- The Washington Times - Wednesday, August 22, 2001

Forty years ago, in August 1961, the construction of the Berlin Wall gave the Cold War its most emotionally powerful symbol. Thanks to photos of East Germans trying to escape over the Wall and speeches of American presidents lauding freedom in its shadow, the free world looked forward to the Berlin Wall's collapse as proof of the victory of democracy over communism.
The long wait lasted until November 1989. Memories of the Wall's ambiguous Cold War origins have faded since then, for we are rapidly forgetting a 40-year conflict that neither began with a Pearl Harbor nor ended with American troops occupying enemy soil. As its paradoxical name suggests, the Cold War is not easy to film or describe to your kids.
The Berlin crisis of 1961 was a close call, not as close as the Cuban Missile Crisis a year later, but closer than most Americans realized at the time. Soon after the disastrous June summit talks in Vienna between John F. Kennedy and Nikita Khrushchev, the Soviet leader increased military spending along with threats to resolve Berlin's divided status by December. In July, the word "crisis" was on everyone's lips. Khrushchev rejected pending U.S. proposals for a ban on nuclear testing and warned that any attempt by the West to enforce its rights in Berlin would trigger nuclear war. President Kennedy compared West Berlin to Bastogne during the Battle of the Bulge and obtained congressional approval for emergency military measures, such as extending tours of active duty and calling up reserves. The Pentagon considered options for defending West Berlin, among them the use of nuclear weapons, from tactical warheads against Soviet and East German forces to an all-out pre-emptive strike on the Soviet Union.
No American or NATO contingency plan anticipated what the Soviets and East Germans actually did they closed the border between West and East Berlin on Aug. 13 and started building a wall on the east side of it in order to stop what had become a flood of East Germans fleeing to the West.
Surprised by this anti-climax to what they had feared, but unsure what Khrushchev intended to do next, Kennedy's advisers recommended everything from force to inaction. The president chose middle ground, sending a political mission headed by Vice President Lyndon Johnson to West Berlin on the 19th and ordering an American military column to drive across East Germany on Sunday the 20th to reaffirm Western rights of access to West Berlin. (French President Charles de Gaulle, more hawkish than Kennedy throughout the crisis, shifted a number of French units from Algeria to France in combat readiness.) American combat units stationed in Germany were put on stand-by alert until the column reached West Berlin safely, and next day the secretary of the army stated, "If there were to be war it would have started yesterday. If there were to be war, that battle group would not have arrived ." The crisis began to subside, each camp claiming victory of sorts, and the Berlin Wall quickly became a rallying cry that Khrushchev had not intended to give the West. No one knew that this would be the Cold War's last major confrontation in Europe or that Vietnam would soon eclipse Germany in American strategy.
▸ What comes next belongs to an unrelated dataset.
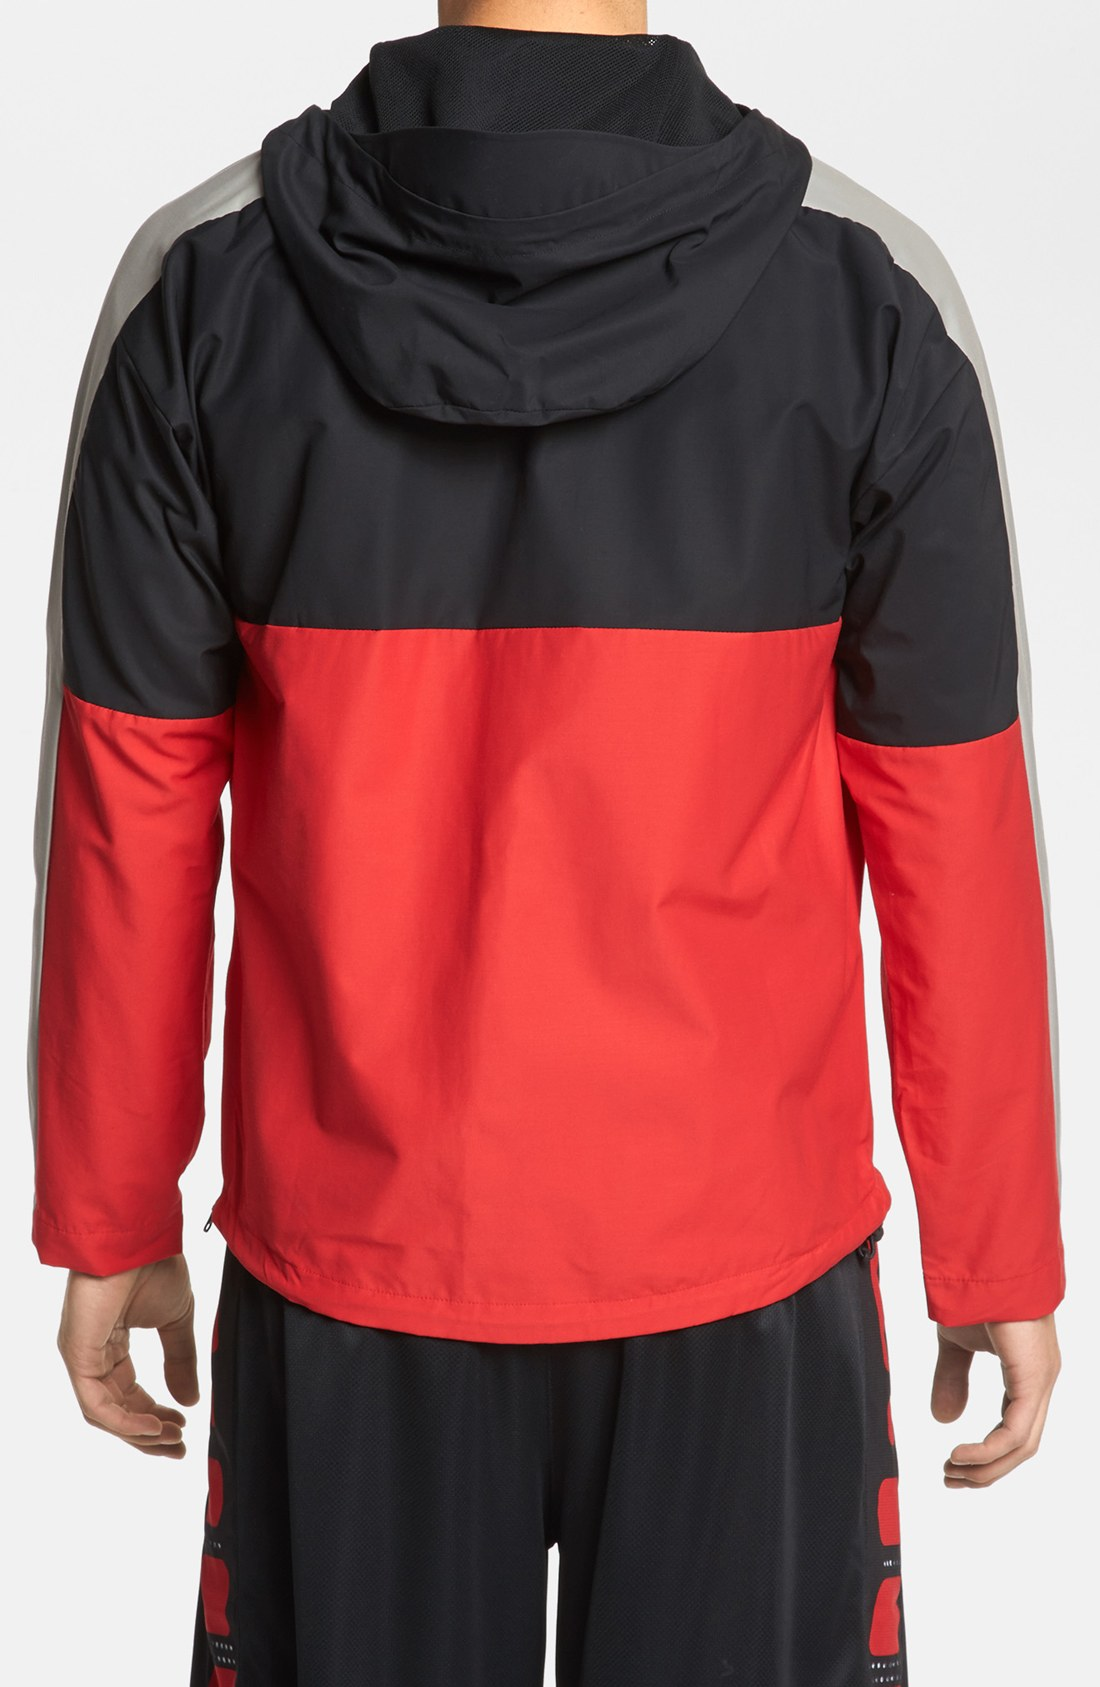 nike heritage air half zip jacket in red for men lyst. Black Bedroom Furniture Sets. Home Design Ideas

The Berlin crisis illustrates several attributes of the Cold War that are worth pondering. First, most of the military and civilian leaders who directed American policy during the Cold War were members of the generation that fought in World War II, and they frequently, sometimes wrongly, applied the lessons of that war to this very different one: Negotiation smacks of appeasement and we must not appease Soviet leaders as Britain and France did Hitler and Mussolini; the construction of the Berlin Wall is similar to Hitler's remilitarization of the Rhineland in 1936; Khrushchev is Stalin, East German leader Walter Ulbricht is Hitler; Khrushchev must be warned not to repeat Hitler's mistake and underestimate the American people.
Second, the Cold War often lived up to its ironic name. On Aug. 20, 1961, the American column heading for West Berlin paused at the inter-German border for Soviet authorities to check the convoy manifest. A West German spectator, well aware of the Eastern Bloc's vast superiority in armor, eyed the American vehicles skeptically and asked, "Where are the tanks?" An East German jeep preceded the American convoy, holding it to 25 miles-per-hour.
Finally, according to the calculus of NATO strategy, incidents might escalate into nuclear war, the most frightening uncertainty of the Cold War and the one hardest to convey to those who did not live through much of it. I was an artillery lieutenant stationed in Germany during the Berlin crisis, my platoon in charge of the nuclear warheads that my "Honest John" rocket battalion would have been ordered to fire if war had broken out. I remember the stand-by alert of Sunday, Aug. 20 as if it happened yesterday. The atmosphere was full of suspense and foreboding, and I wondered how nerves connected to missiles.

Gaines Post Jr. is a professor emeritus of history at Claremont McKenna College and author of "Memoirs of a Cold War Son."